Faster acquisition by applying DLR. A Standard-of-care axial fast-recovery fast-spin-echo T2WI sequence, acquisition time 4:34 minutes. B C T2 acquisition with a reduced number of and retrospectively reconstructed with medium DLR (B) and high DLR (C), with resultant reduction in scan times to 3:05 minutes and 2:19 minutes, respectively, without compromising image quality

Summary

MRI has become an established tool for monitoring disease in patients on AS. Increased demand on imaging services makes the use of shortened MRI protocols attractive to aid patient throughput. Biparametric MRI enables this and has the added benefits of avoiding Gadolinium-associated side effects and is typically better tolerated by patients.

Data from studies involving biopsy-naïve patients suggests equivalent performance between bpMRI and mpMRI; however, the results of prospective studies in this cohort, including the PRIME and PACIFIC trials, are still awaited. The approach of bpMRI in the context of AS follow-up is arguably lower risk with the paradigm-shifting from that of lesion detection to the assessment of progression, and this is further supplemented by the safety net of ongoing clinical assessment. Indeed, a PI-RADS committee narrative review implies that bpMRI is a safe option in stable patients undergoing routine AS follow-up. The improved specificity afforded by bpMRI approaches could theoretically improve the PPV of MRI and safely reduce the need for repeat biopsies, where overall disease-specific mortality is known to remain very low. However, the use of contrast can afford advantages such as greater image quality, increased staging accuracy, and improved detection of new lesions.

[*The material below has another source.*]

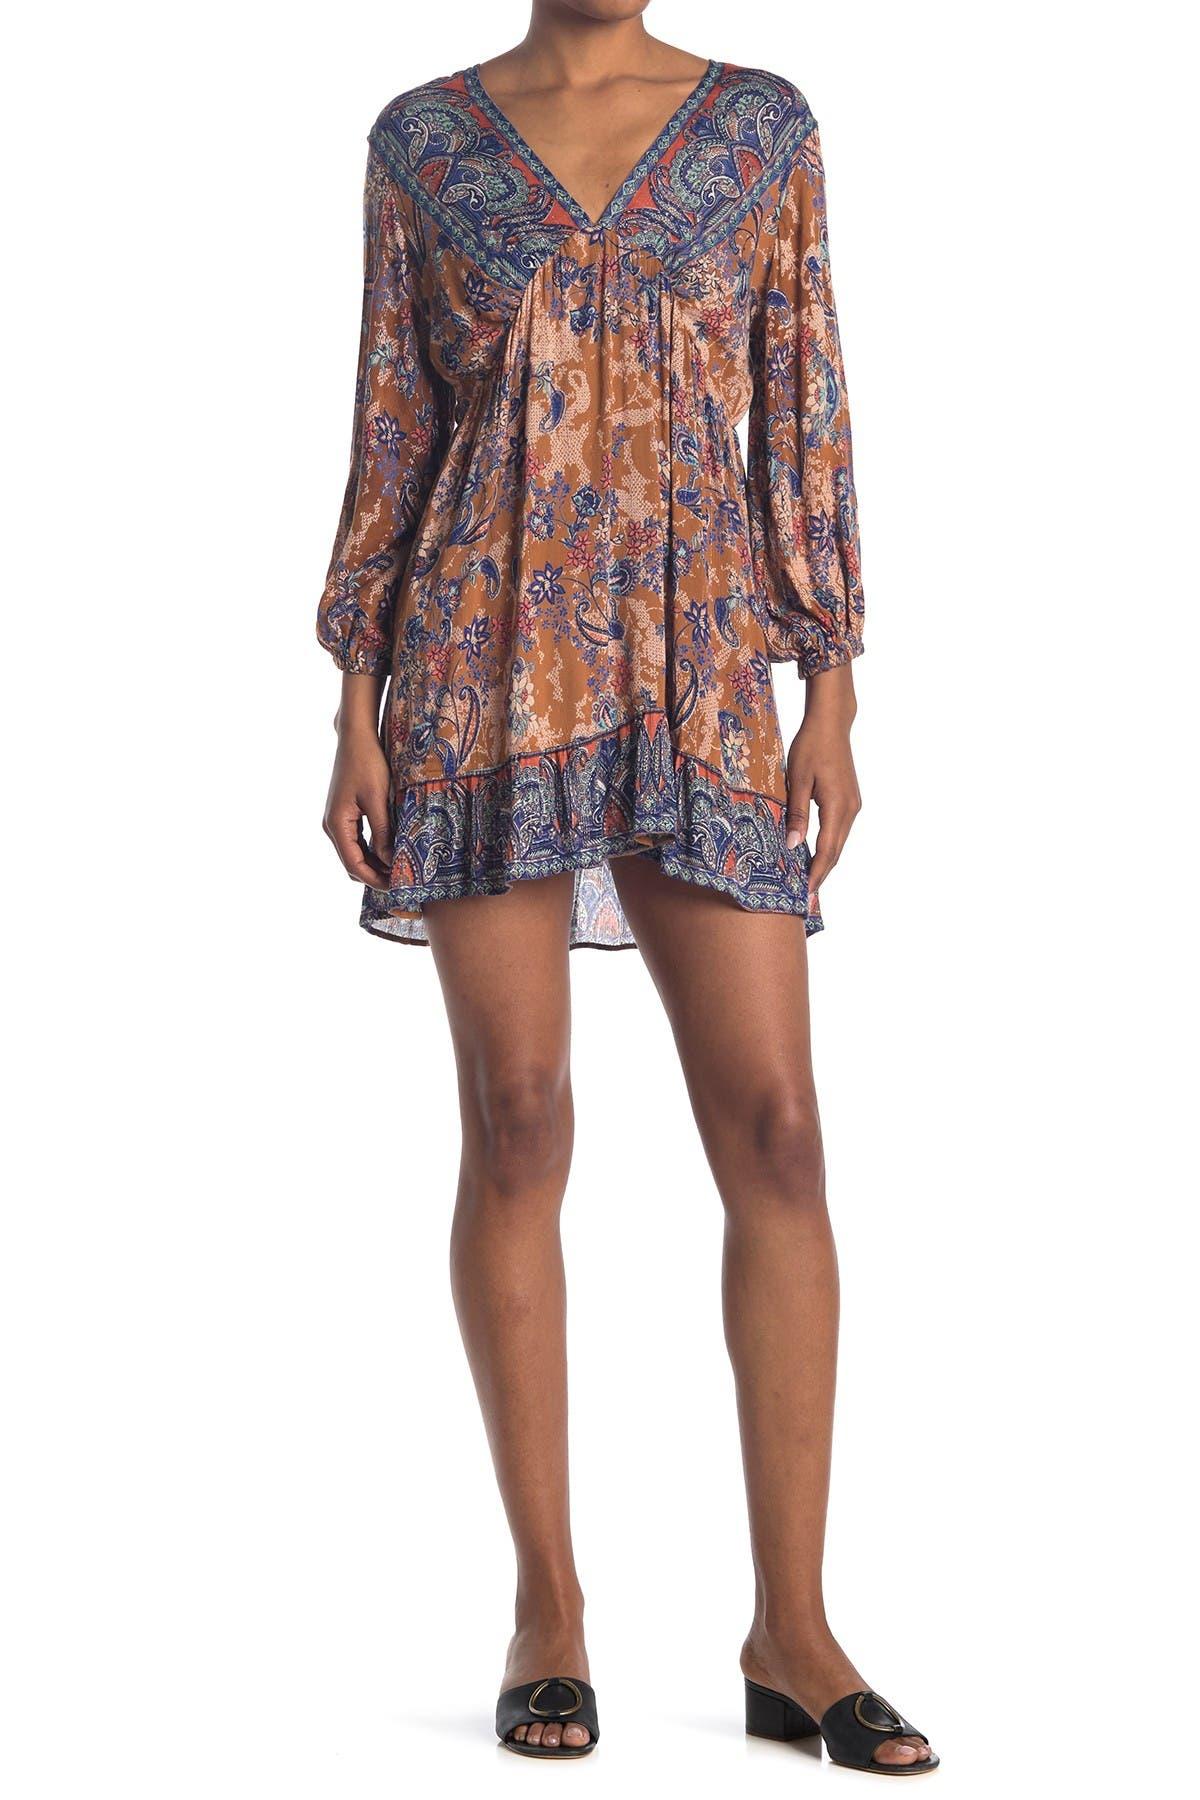 Image of Angie V-Neck Paisley Print Dress

In conclusion, retrospective single-centre studies and data derived from biopsy-naïve patient populations implies bpMRI to be a reasonable approach in AS follow-up, provided quality-control measures are met. The technique offers several benefits, and the recent development of AI solutions may help mitigate any potential disadvantages. However, further prospective data is required to fully establish the safety and efficacy of a bpMRI approach.